This is an automated email from the ASF dual-hosted git repository.

dianfu pushed a commit to branch master
in repository https://gitbox.apache.org/repos/asf/flink.git

commit a8864976c479520a20b32a2ff61d67a5c4dde4f7
Author: Dian Fu <dia...@apache.org>
AuthorDate: Fri Apr 23 13:04:25 2021 +0800

    [FLINK-20720][docs][python] Add documentation about output types for Python 
DataStream API
    
    This closes #15733.
---
 .../docs/dev/datastream/operators/overview.md      |   4 +-
 .../dev/python/datastream/operators/overview.md    | 119 +++++++++++++++++----
 .../docs/dev/datastream/operators/overview.md      |   2 +-
 .../dev/python/datastream/operators/overview.md    | 119 +++++++++++++++++----
 4 files changed, 197 insertions(+), 47 deletions(-)

diff --git a/docs/content.zh/docs/dev/datastream/operators/overview.md 
b/docs/content.zh/docs/dev/datastream/operators/overview.md
index 9c4ac57..c26ac98 100644
--- a/docs/content.zh/docs/dev/datastream/operators/overview.md
+++ b/docs/content.zh/docs/dev/datastream/operators/overview.md
@@ -3,7 +3,7 @@ title: 概览
 weight: 1
 type: docs
 aliases:
-  - /dev/stream/operators/
+  - /zh/dev/stream/operators/
 ---
 <!--
 Licensed to the Apache Software Foundation (ASF) under one
@@ -182,7 +182,7 @@ keyedStream.reduce { _ + _ }
 {{< /tab >}}
 {{< tab "Python" >}}
 ```python
-data_stream = env.from_collection(collection=[(1, 'a'), (2, 'a'), (3, 'a'), 
(4, 'b')], type_info=Types.ROW([Types.INT(), Types.STRING()]))
+data_stream = env.from_collection(collection=[(1, 'a'), (2, 'a'), (3, 'a'), 
(4, 'b')], type_info=Types.TUPLE([Types.INT(), Types.STRING()]))
 data_stream.key_by(lambda x: x[1]).reduce(lambda a, b: (a[0] + b[0], b[1]))
 ```
 {{< /tab >}}
diff --git a/docs/content.zh/docs/dev/python/datastream/operators/overview.md 
b/docs/content.zh/docs/dev/python/datastream/operators/overview.md
index 8e1ac66..ed61d77 100644
--- a/docs/content.zh/docs/dev/python/datastream/operators/overview.md
+++ b/docs/content.zh/docs/dev/python/datastream/operators/overview.md
@@ -26,28 +26,24 @@ under the License.
 
 # Operators
 
-
 Operators transform one or more DataStreams into a new DataStream.

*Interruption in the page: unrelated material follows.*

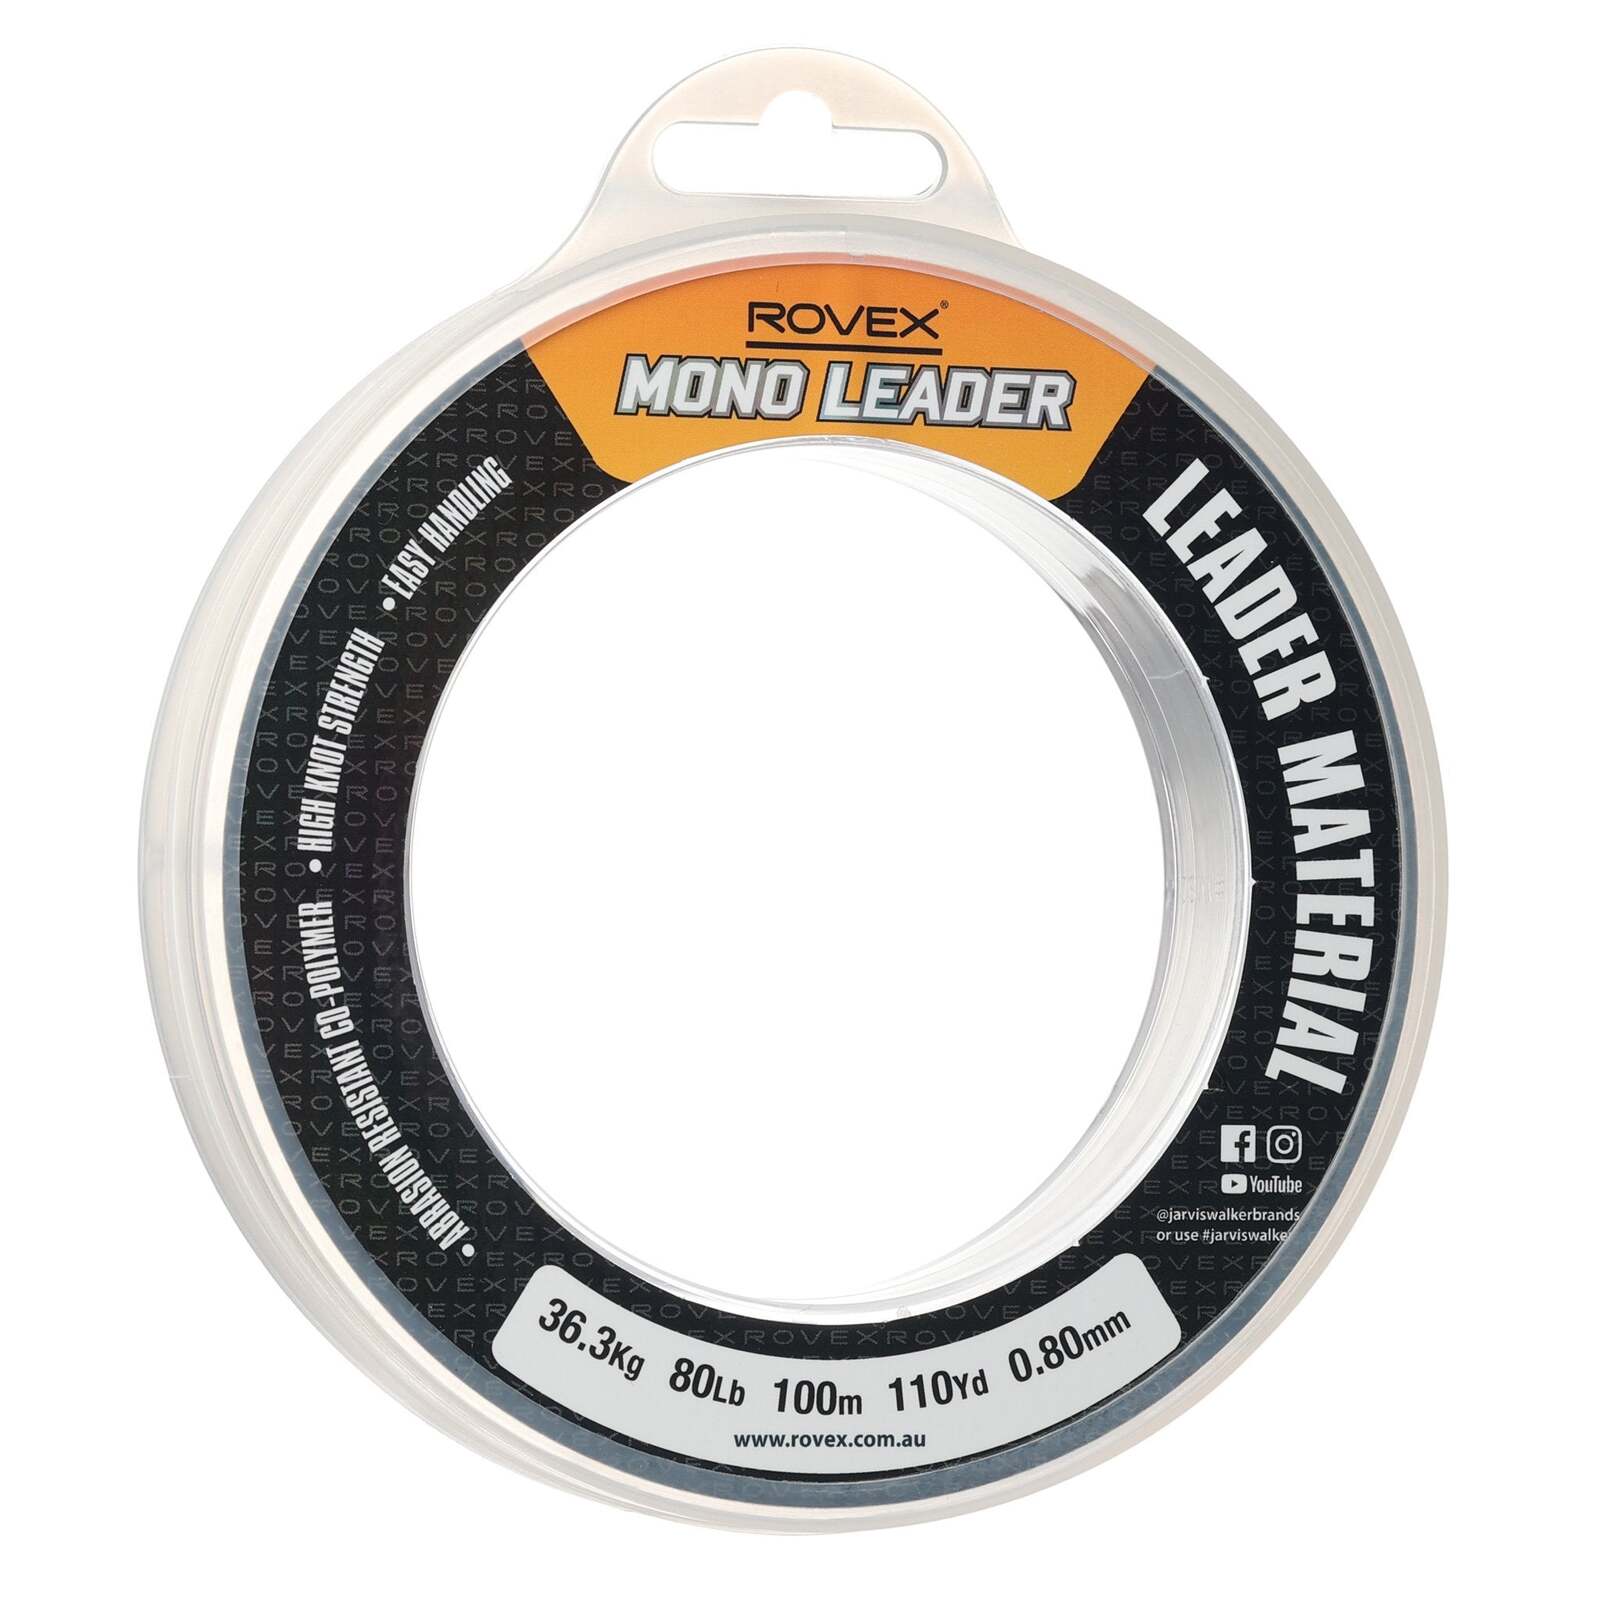 1 x 100m Spool of Rovex Monofilament Fishing Leader - Clear Mono Leader Line

Programs 
can combine multiple transformations into 
 sophisticated dataflow topologies.
 
-
-
-# DataStream Transformations
+## DataStream Transformations
 
 DataStream programs in Flink are regular programs that implement 
transformations on data streams (e.g., mapping, 
 filtering, reducing). Please see [operators]({{< ref 
"docs/dev/datastream/operators/overview" >}})

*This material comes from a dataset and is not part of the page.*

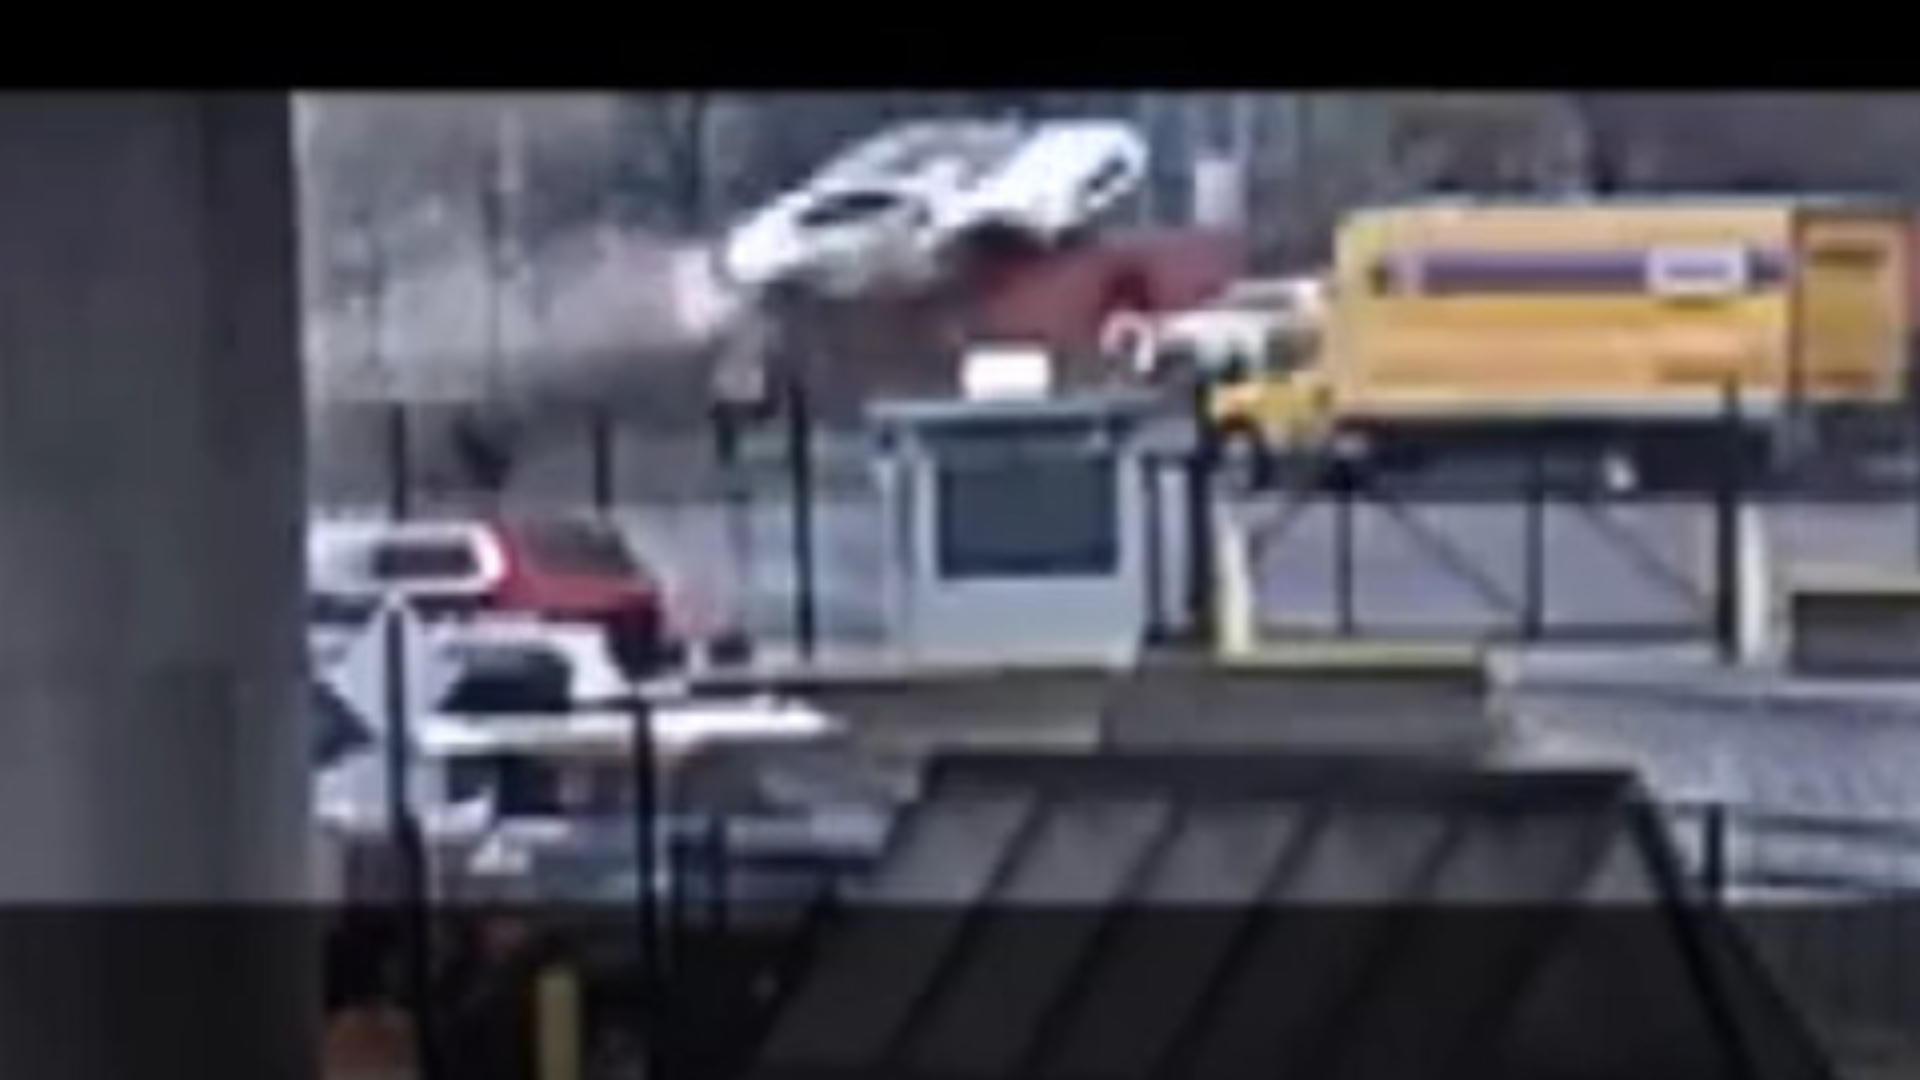 Witnesses describe ‘terrifying’ scene at fatal Rainbow Bridge car explosion

-for an overview of the available stream transformations in Python DataStream 
API.
+for an overview of the available transformations in Python DataStream API.
 
-# Functions
-Most transformations require a user-defined function as input to define the 
functionality of the transformation. The 
-following describes different ways of defining user-defined functions.
+## Functions
+Transformations accept user-defined functions as input to define the 
functionality of the transformations.
+The following section describes different ways of defining Python user-defined 
functions in Python DataStream API.
 
-## Implementing Function Interfaces
+### Implementing Function Interfaces
 Different Function interfaces are provided for different transformations in 
the Python DataStream API. For example, 
 `MapFunction` is provided for the `map` transformation, `FilterFunction` is 
provided for the `filter` transformation, etc.

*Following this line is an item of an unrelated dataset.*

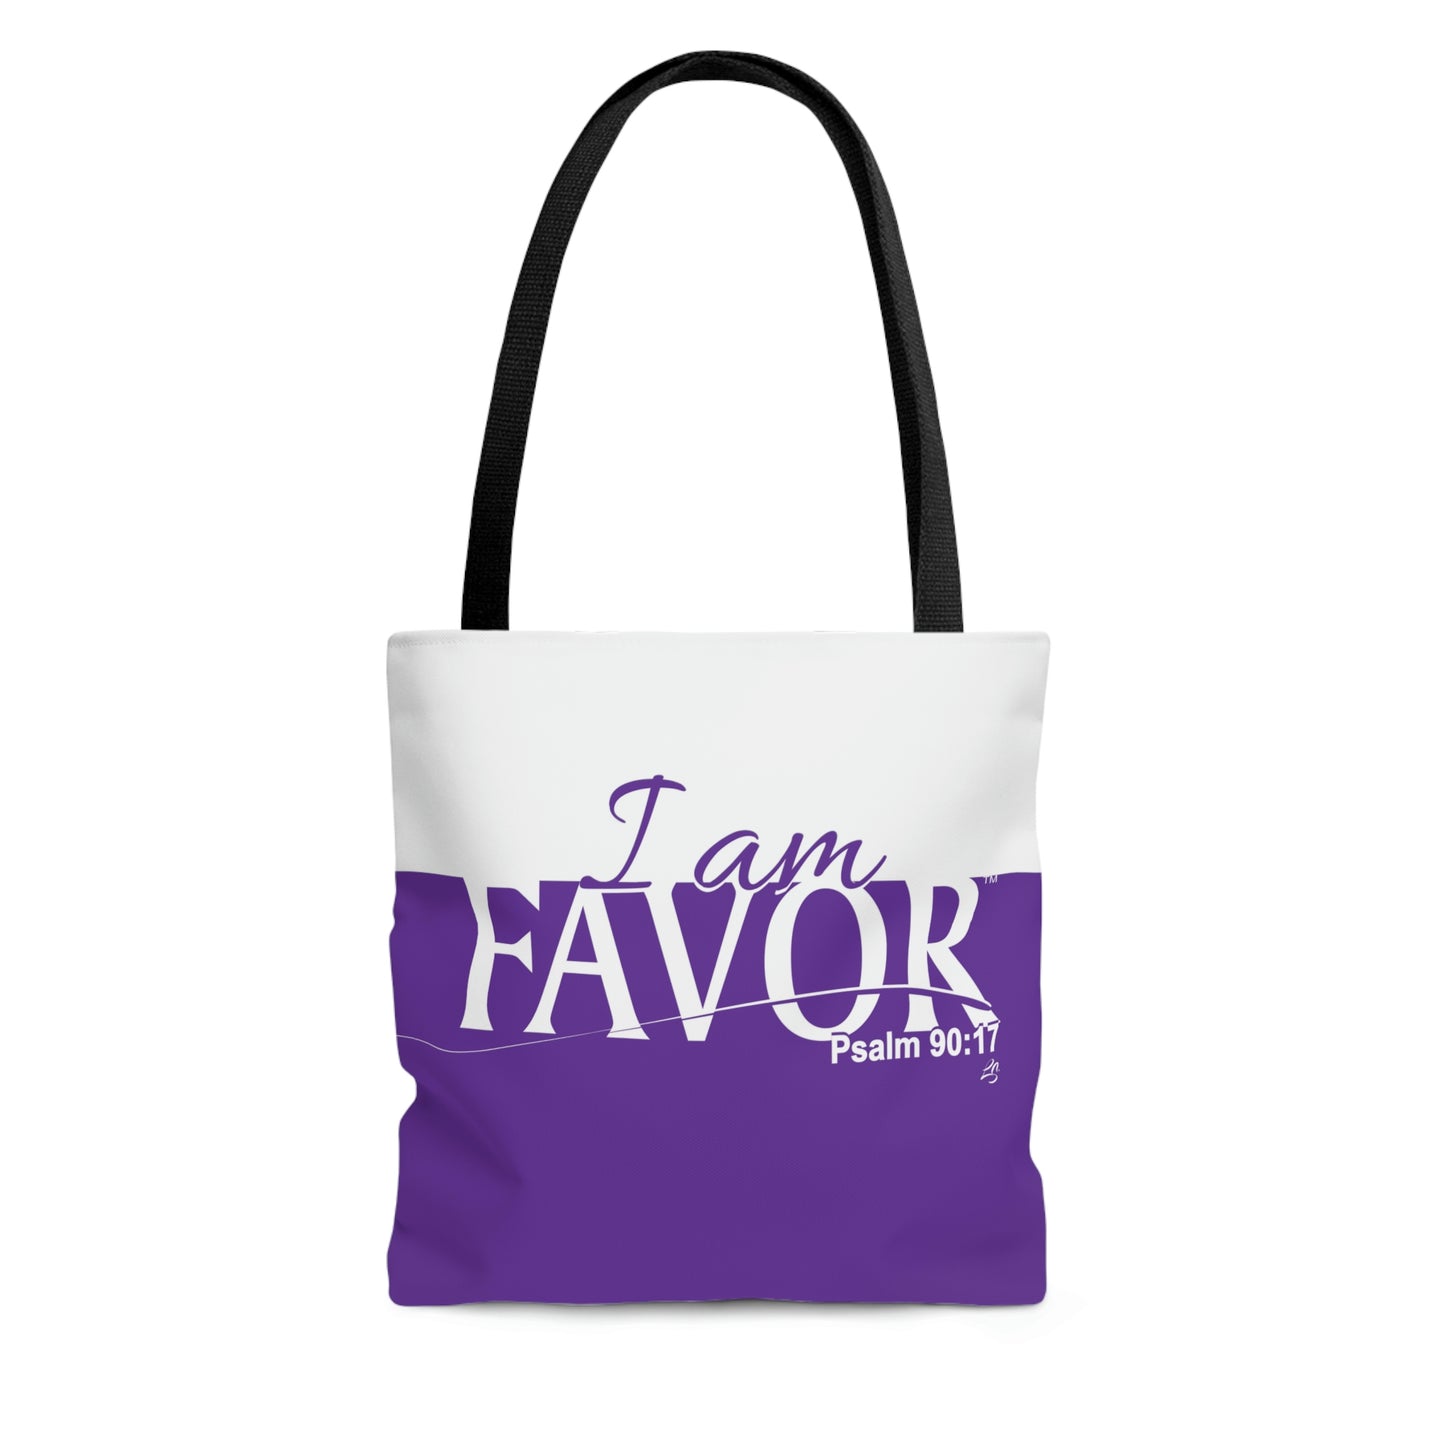 I am FAVOR Tote Bag (PURPLE)

 Users can implement the corresponding Function interface according to the type 
of the transformation. Take MapFunction for
-instance: 
-
+instance:
 
 ```python
 # Implementing MapFunction
@@ -60,24 +56,19 @@ data_stream = env.from_collection([1, 2, 3, 4, 5], 
type_info=Types.INT())
 mapped_stream = data_stream.map(MyMapFunction(), output_type=Types.INT())
 ```
 
-
-<span class="label label-info">Note</span> In Python DataStream API, users can 
specify the output type information of the transformation explicityly. If not 
-specified, the output type will be `Types.PICKLED_BYTE_ARRAY` so that data 
will be in a form of byte array generated by 
-the pickle seriallizer. For more details about the `Pickle Serialization`, 
please refer to [DataTypes]({{< ref "docs/dev/python/datastream/data_types" 
>}}#pickle-serialization).
-
-## Lambda Function
-As shown in the following example, all the transformations can also accept a 
lambda function to define the functionality of the transformation:
+### Lambda Function
+As shown in the following example, the transformations can also accept a 
lambda function to define the functionality of the transformation:
 
 ```python
 data_stream = env.from_collection([1, 2, 3, 4, 5], type_info=Types.INT())
 mapped_stream = data_stream.map(lambda x: x + 1, output_type=Types.INT())
 ```
 
-<span class="label label-info">Note</span> Operations ConnectedStream.map() 
and ConnectedStream.flat_map() do not support
-lambda function and must accept `CoMapFunction` and `CoFlatMapFunction` 
seperately.
+<span class="label label-info">Note</span> `ConnectedStream.map()` and 
`ConnectedStream.flat_map()` do not support
+lambda function and must accept `CoMapFunction` and `CoFlatMapFunction` 
separately.
 
-## Python Function
-Users can also use Python function:
+### Python Function
+Users could also use Python function to define the functionality of the 
transformation:
 
 ```python
 def my_map_func(value):
@@ -87,3 +78,87 @@ data_stream = env.from_collection([1, 2, 3, 4, 5], 
type_info=Types.INT())
 mapped_stream = data_stream.map(my_map_func, output_type=Types.INT())
 ```
 
+## Output Type
+
+Users could specify the output type information of the transformation 
explicitly in Python DataStream API. If not
+specified, the output type will be `Types.PICKLED_BYTE_ARRAY` by default, and 
the result data will be serialized using pickle serializer.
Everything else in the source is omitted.